Secondo te, il vero successo di una canzone è dovuto più: alle parole, alla musica, agli interpreti o a tutti e tre insieme? E’ dovuto anche ad altro? Per esempio alle strategie di mercato… alle capacità divulgative e persuasive dei mass media…
E’ dovuto a tutte queste cose messe insieme. Se dovessi fare una graduatoria, dando per scontata una buona promozione, privilegerei la musica e l’interprete.
Torniamo ancora agli anni ’70: Padre davvero e Mia Martini… qual è la loro relazione?
Che io l’ho scritta senza neanche conoscere Mimì e lei l’ha interpretata. Caso volle che venissimo ambedue da una situazione conflittuale con la figura paterna. Fu subito sintonia.
Che ricordo hai di Mia Martini?
Mimì era una grande artista e una donna ancora più grande.
Circa otto anni più tardi, nel 1978, hai inciso il tuo primo e unico 45 giri, dal titolo: Sai che ti dico? ma vaff…, che a causa di una parolaccia inserita nel testo è stato censurato dalla RAI. Com’è cambiato il modo di percepire e di vivere una canzone, da allora fino a oggi?
In quel periodo incisi “Esser puttane” con il mio nome, “Sai che ti dico” e “Linda Linda” con lo pseudonimo di Joe Alaria. Quest’ultima vendette bene in un paese del Sud America, non ricordo bene quale… Tornando alla tua domanda, devo dire che oggi le cose sono molto cambiate. Mandare a fare in culo qualcuno è quasi un’espressione d’affetto.
Quindi era meglio prima o è meglio ora?
Chi può dirlo? I tempi giusti, però, sono quelli che viviamo per il fatto che ci stiamo dentro. Se non ci piacciono, sta a noi cercare di cambiarli.

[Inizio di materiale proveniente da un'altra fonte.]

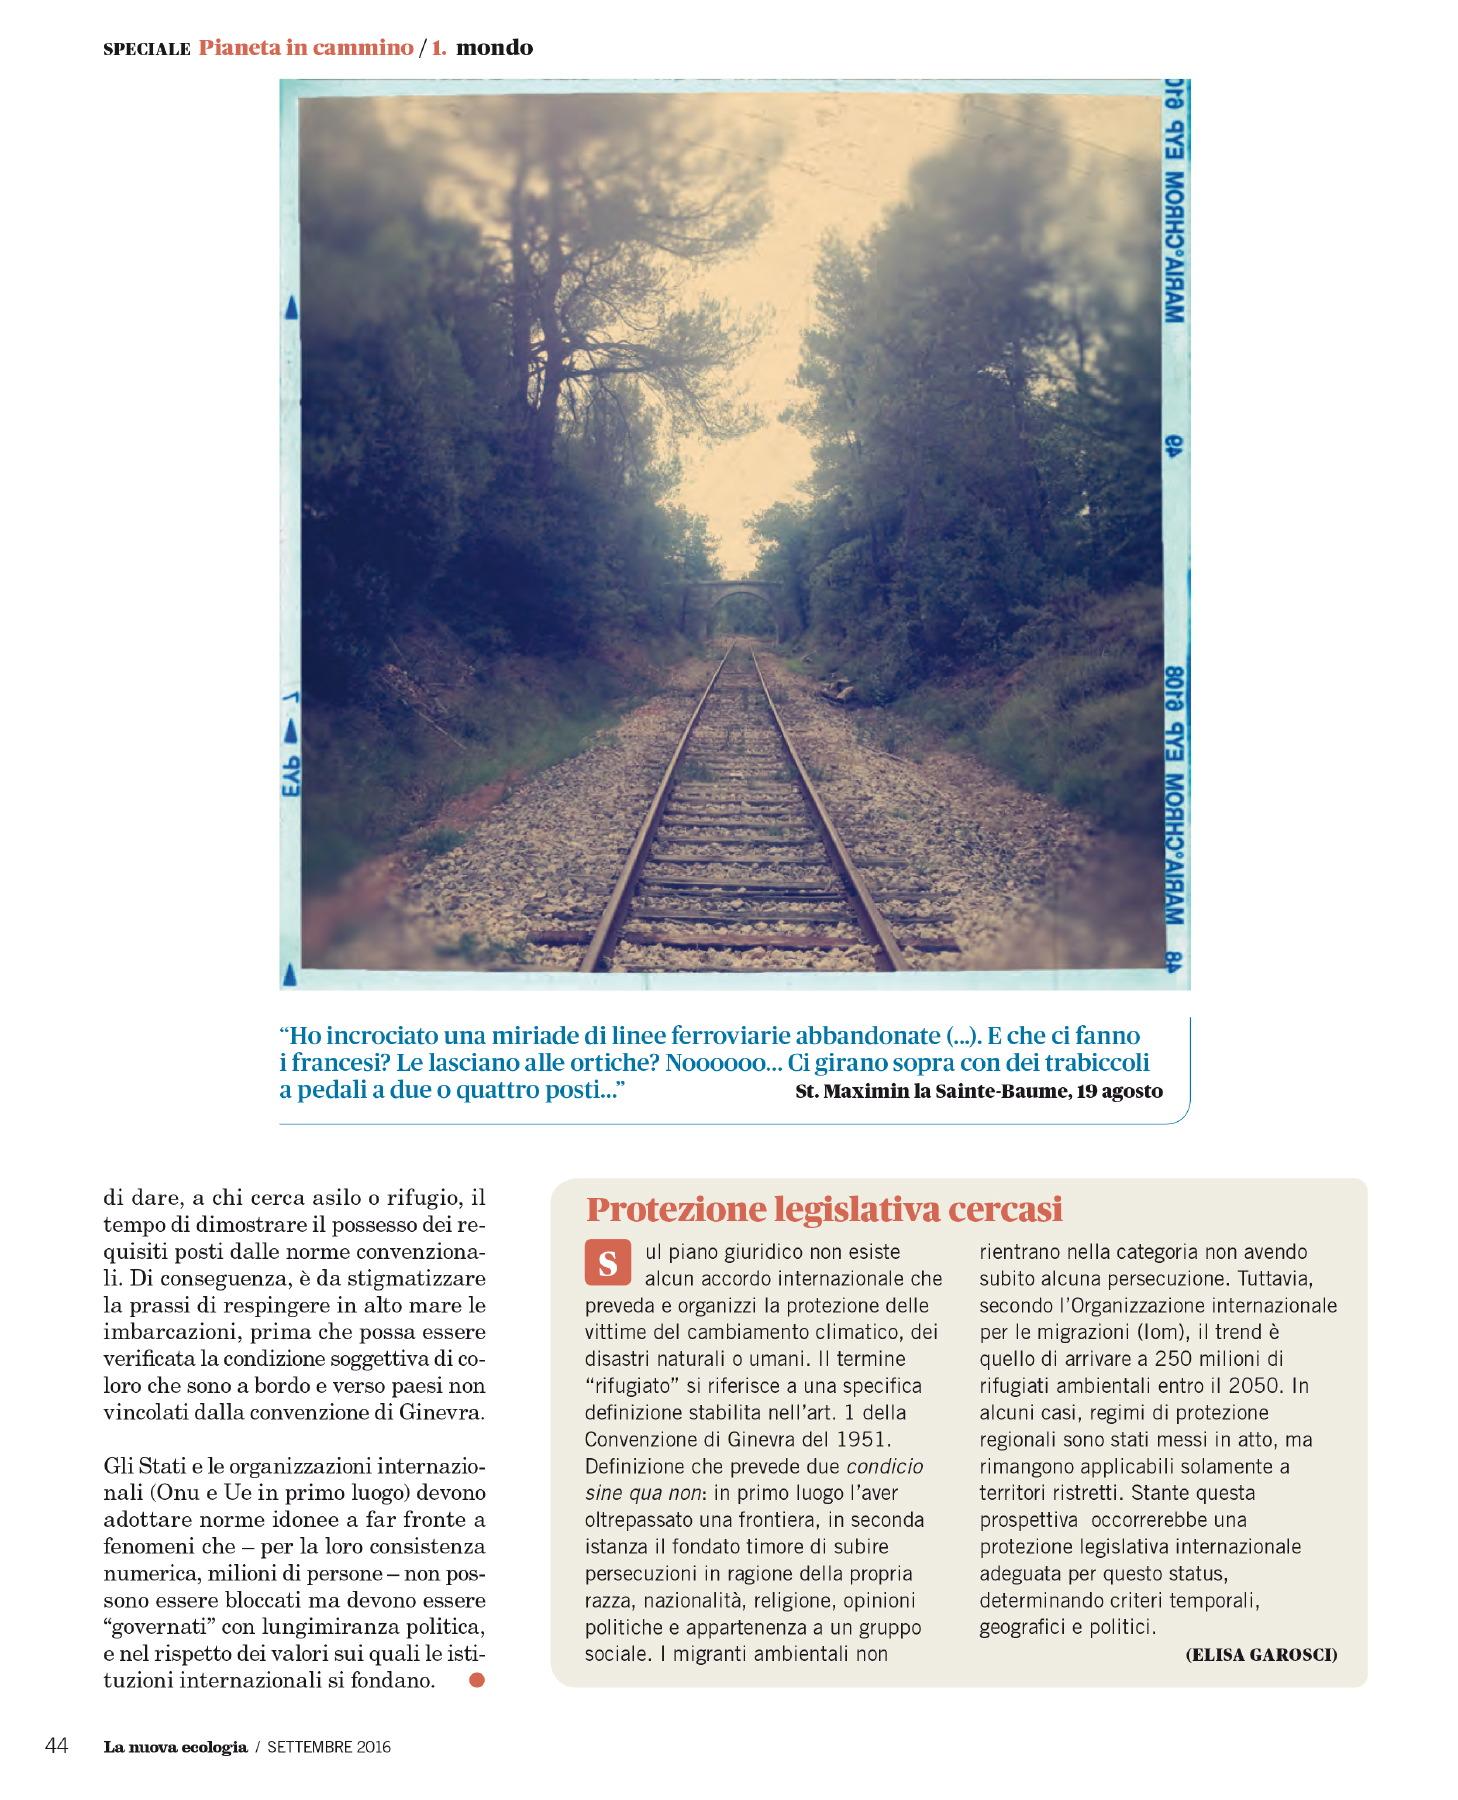 around-the-walk-_-pietro-vertamy-_tearsheet-nuova-ecologia-04

Tra le altre cose, hai svolto anche un’attività come educatore. Com’è stata la tua esperienza in questa veste nel carcere minorile? e quella nell’istituto per disabili psichici? Ti ha arricchito questa esperienza?
Ho imparato molto da quei ragazzi, loro hanno educato me.
Torniamo al paroliere. Oggi lavori con Nek e con altri artisti. Ti soddisfa il tuo lavoro?
Per Nek ho una grandissima stima, ma ridurre le parole e i concetti a un percorso stabilito da una musica già scritta comincia ad andarmi un po’ stretto.
Dal paroliere allo scrittore: il 27 febbraio 2007 hai pubblicato il tuo primo libro autobiografico, Non ho mai scritto per Celentano. Vuoi parlarcene brevemente?
E’ un bel libro, particolare. Parla di me, della musica, di quello che mi è successo – ed è successo – in questi ultimi cinquant’anni. L’ho affidato a una piccola casa editrice, ha fatto quello che ha potuto. Poco. Il libro meritava di più.
Anche tua figlia Valentina ha scritto un libro: Io di più, di più, di più. Di più nel senso che anche lei vorrebbe fare il paroliere seguendo le orme di suo padre?
Il libro di Valentina sta ottenendo un ottimo riscontro. Se Dio vuole non pensa di scrivere testi e, se Dio vuole, privilegia lo studio a tutto. Ama molto gli animali, vuole fare veterinaria e questo è un fatto. Poi lo scrivere verrà, se deve venire. E’ quello che ti dicevo prima, non si vive più soltanto di parole.